WORK TASK:
Each line from the one holding "A fuoco due" to the last line of the listing must be set down exactly. No pictures are to be included.

DATA SEGMENT:
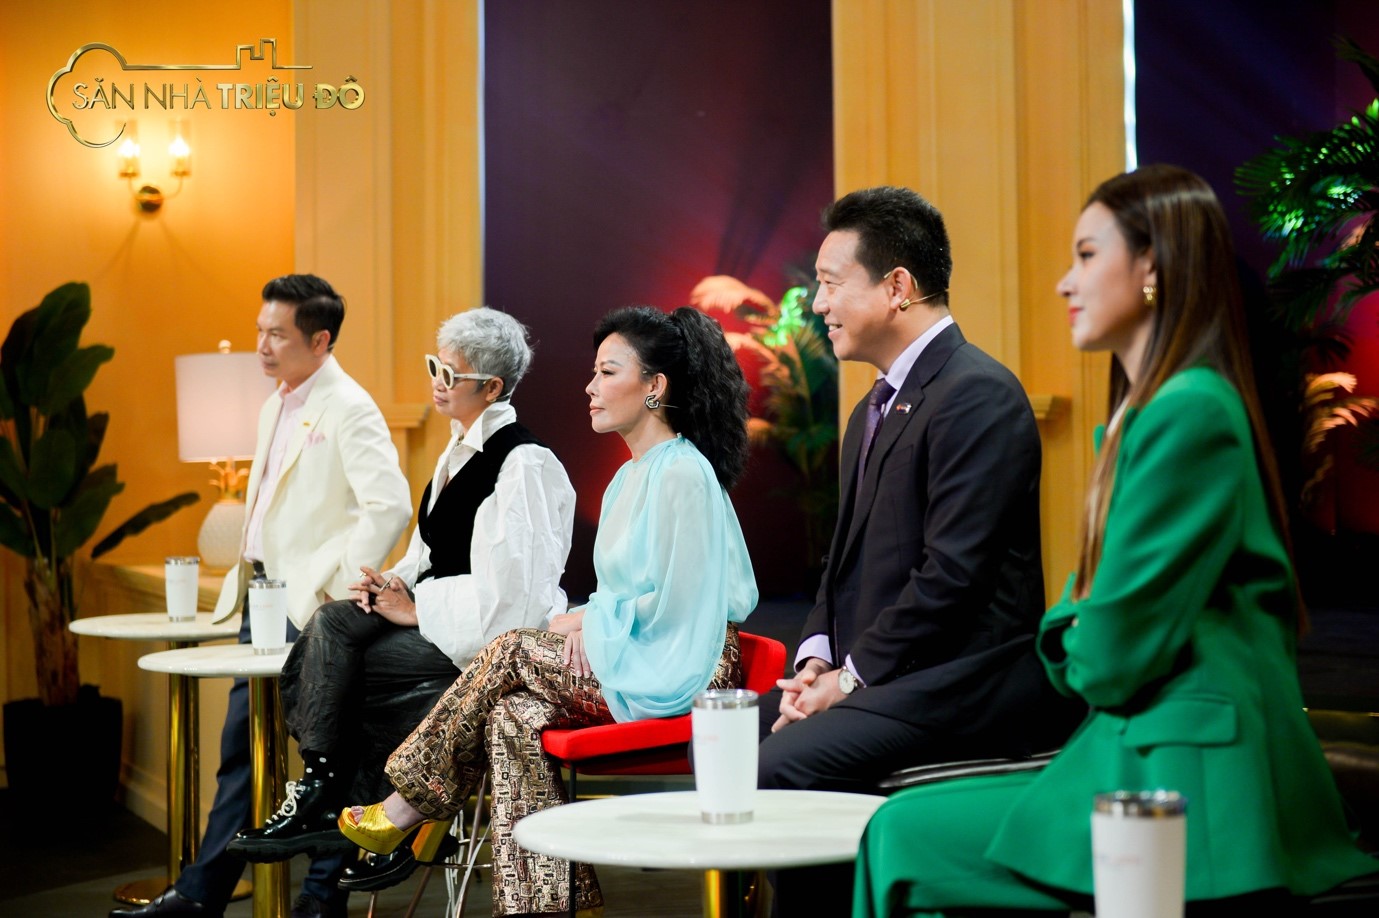 Bà Lệ Thu (giữa) cùng các thành viên ban giám khảo chương trình Săn Nhà Triệu Đô đang lắng nghe phần thuyết trình của các thí sinh. Ảnh: SNTĐ
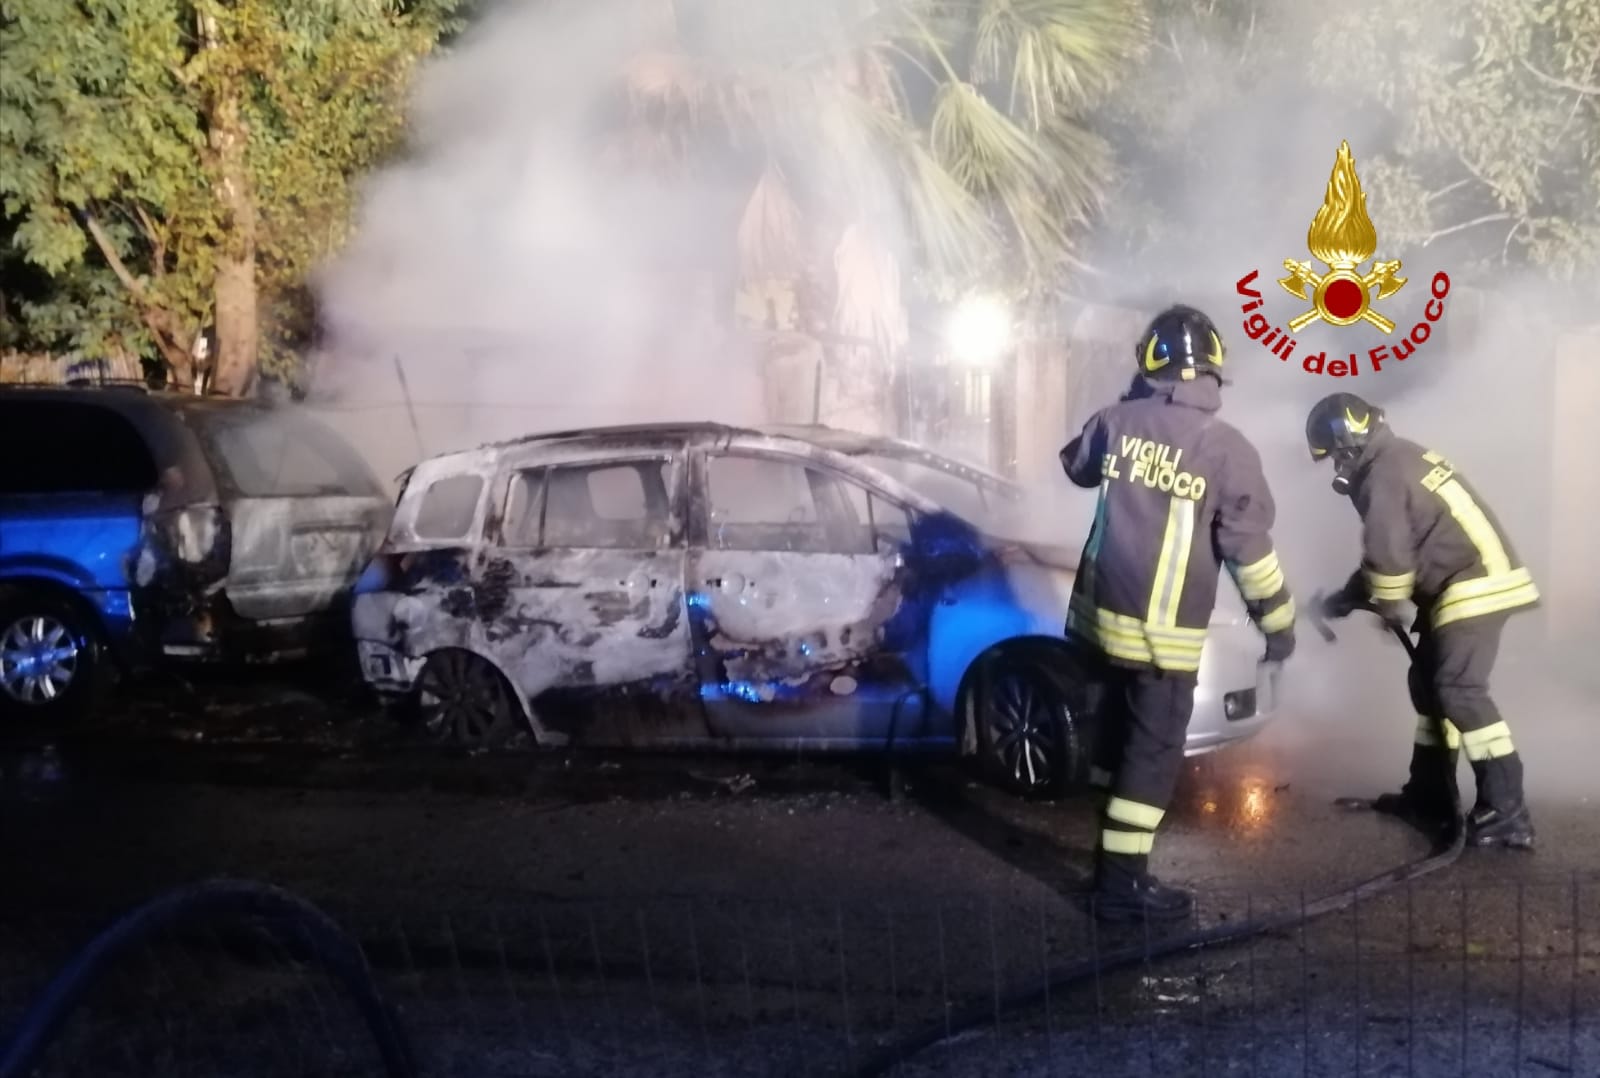 A fuoco due auto parcheggiate in un'area rurale
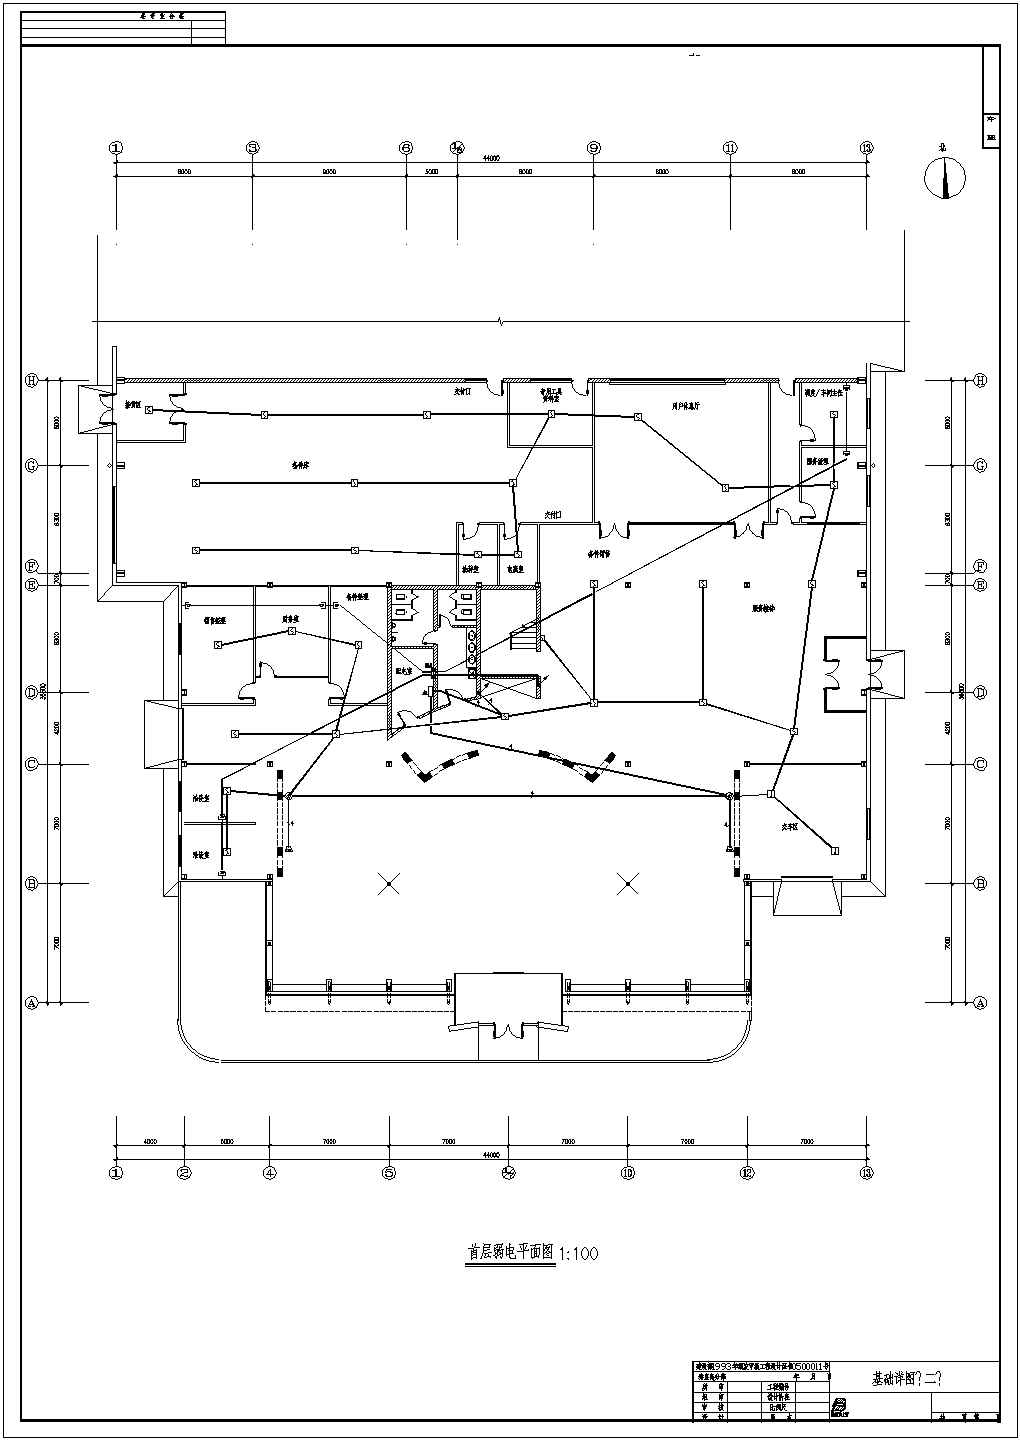 某展销中心电气设计施工图

ANSWER TO THIS EXERCISE:
 A fuoco due auto parcheggiate in un'area rurale
 某展销中心电气设计施工图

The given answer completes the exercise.